The function points are usually counts based on external inputs and outputs,
user interactions, etc
Productivity varies widely between programmers depending on skill, experience,
the programming language used, and the nature of the project,
and anywhere from 100 to 1000 lines per month might be perfectly normal
Plotting the total size of source code (or documentation) on a weekly basis
can give a greater understanding of how your process is functioning,
as can plotting the rate at which existing source code is modified
- Product quality metrics: it is possible to try to
measure product quality in a number of different ways, here are
a couple of suggestions
- Readability may be measured by the average length of
identifiers, or the ratio of comments and whitespace to code
- Complexity for each routine, R, let FI be the number of
functions which call R, let FO be the number of routines
that R calls, let P be the number of parameters for R, and let L
be the length of R, then define complexity(R) = L * (FI + FO + P)
Alternatively, measure the complexity as the total number of possible
execution paths through the source code, the average nesting depth
of instructions, or simply the total length of the code
- Maintainability maintainability may be seen as a function
of all of the factors listed above
When looking at your development organization as a whole,
across multiple projects,
here are some typical questions and the data that might help
answer them:
- What are the cost characteristics of software in my organization?
Look at the number of hours and/or dollars spent in each area:
design, coding, test, maintenance, documentation, and management
Look at the same hours/dollars, but compare the numbers per line of code.
- What are the reliability characteristics of software in
my organization?
Look at the number of errors found during development, and the
number found during maintenance. Possibly subdivide the errors into classes
by their origin (e.g. data, computation, initialization, control, interfaces)
Look at the number of errors found in the specifications (again possibly
subdividing them)
Look at the pass/fail rates for your projects at the testing milestones
- How does the size of the software project relate to the time and
cost?
Look at the total number of lines of code, pages of documentation,
total dollar cost, total staff hours, and calendar duration of the project.

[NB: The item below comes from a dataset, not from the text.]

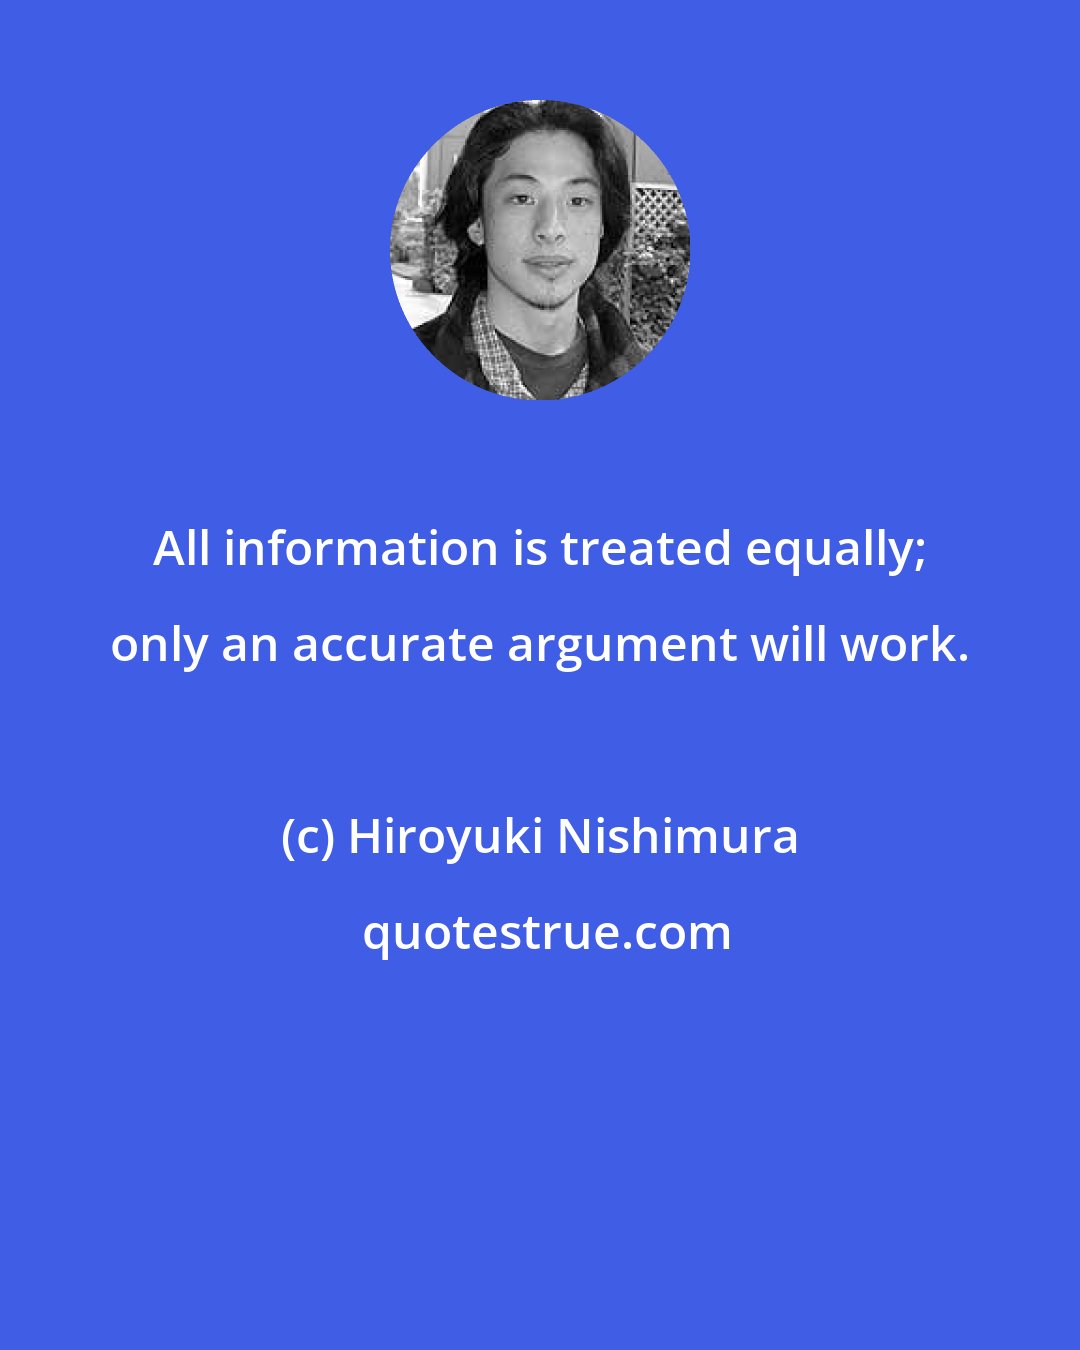 Hiroyuki Nishimura: All information is treated equally; only an accurate argument will work.

You might find some interesting results: for instance,
it might well be the case
that coding takes a significantly higher percentage of the project's
total measured effort (by hours)
than it takes in calendar time, simply because other stages require a
higher degree of interaction with other groups (clients etc), and hence
encounter delays and conflicts.
Preparing work schedules
In preparing work schedules, the manager must choose a
life cycle model, populate it with an appropriate set of
specific activities, add the training and other support activities
necessary for the project, and then consider which
activities depend upon which other activities.
Once the dependencies between activities have been considered,
the manager can begin to plan the order in which activities will be
carried out, and which activities can be carried out in parallel.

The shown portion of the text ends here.